Já o jornalista Alan Schwarz publicou reportagem de página inteira no The New York Times, republicada pelo Jornal do Brasil, destacando a auto hemoterapia no tratamento de inflamação no cotovelo e de tendinite no joelho para todo tipo de atletas. Segundo especialistas em medicina esportiva, a técnica da auto-hemoterapia é rica em plaquetas, eficaz e fácil de aplicar. Tal constatação foi revelada após o tratamento com o próprio sangue de dois dos maiores astros do Super Bowl (futebol americano). Hines Ward e Troy Polamalu, da equipe do Pittsburgh Steelers, se submeteram ao tratamento após vencer o Super Bowl.
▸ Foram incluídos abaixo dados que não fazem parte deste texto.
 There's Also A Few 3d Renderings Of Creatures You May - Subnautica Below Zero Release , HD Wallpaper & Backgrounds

De acordo com a matéria, pelo menos um lançador de beisebol da liga norte-americana, cerca de 20 jogadores profissionais de futebol e centenas de atletas amadores já passaram pelo tratamento, ou seja, usaram a auto-hemoterapia com o objetivo de curar seus ferimentos.   Segundo os médicos, a técnica ajuda a regenerar ligamentos e fibras do tendão, o que poderia encurtar o tempo de reabilitação e evitar a cirurgia.
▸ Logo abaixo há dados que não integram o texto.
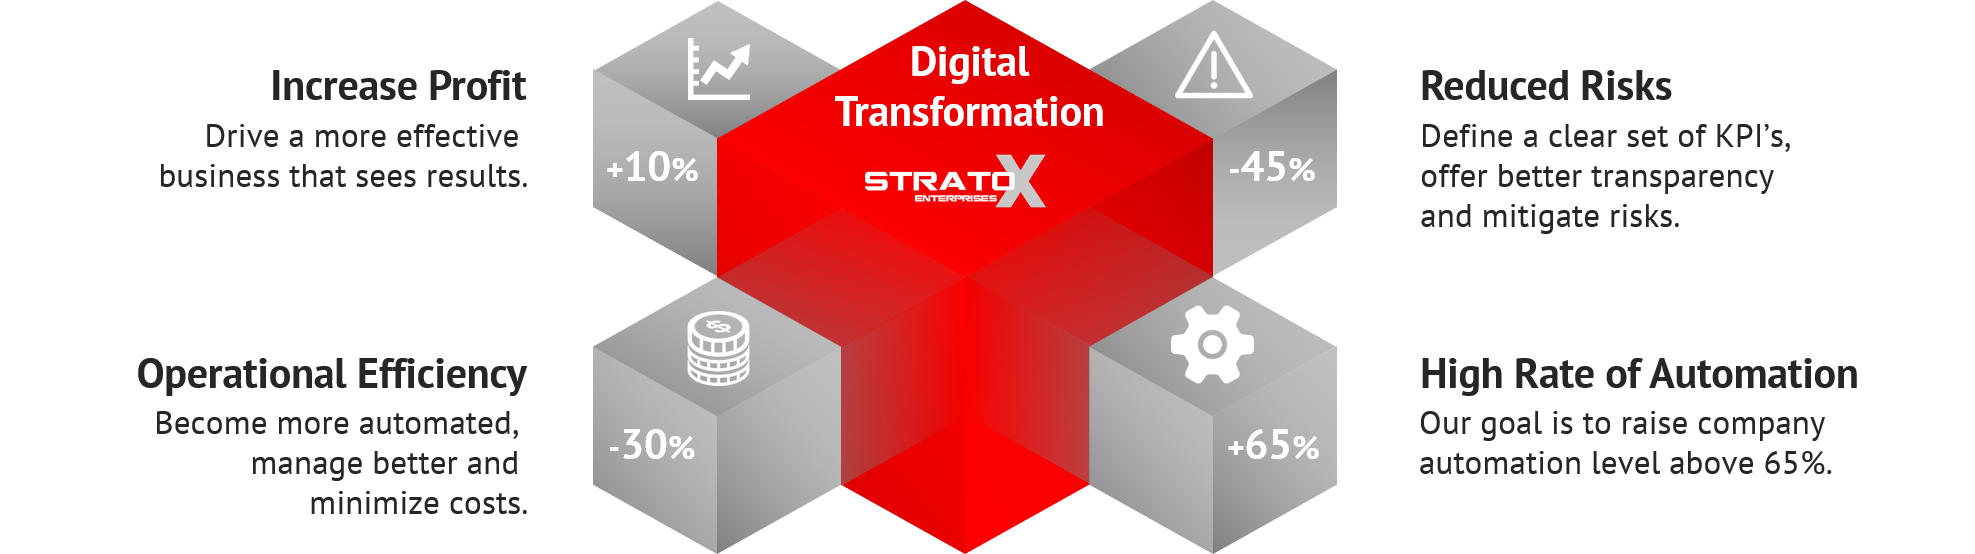 Digital Transformation- Higher Profit, Lower Risks, Lower Operational Cost, High Automation Rate and Adoption

Diz a reportagem que a pesquisa sobre os efeitos do plasma rico em plaquetas ganhou um gás nos últimos meses, com a maioria dos médicos alertando para o fato de que estudos mais rigorosos são necessários. Outra corrente de pesquisadores suspeitam que o procedimento poderia se tornar uma linha de tratamento cada vez mais atrativa por razões médicas e financeiras. Aí cabe salientar  que esse fenômeno vem se agigantando no Brasil, onde cerca de 12 milhôes de pessoas, segundo cálculos de especialistas, fazem uso da auto-hemoterapia.
Registro o recebimento de centenas de e-mails e telefonemas de pessoas comentando nosso artigo “Mais de 12 milhões de brasileiros fazem auto hemoterapia” no Pôr do Sol de março, declarando ser usuárias da auto hemoterapia. Muitas queriam conhecer essa notável terapia que continua crescendo no Brasil e fora daqui...”

Marcio Fonseca Mata é jornalista, escritor e meu cunhado.

1. Marcio lança um novo livro –agora em março de 2012–, mas não sobre o mesmo tema.

2. Claro que laboratórios não desejam que as pessoas se tratem de forma tão simples e que não envolvem suas químicas assassinas... E seus lucros exorbitantes.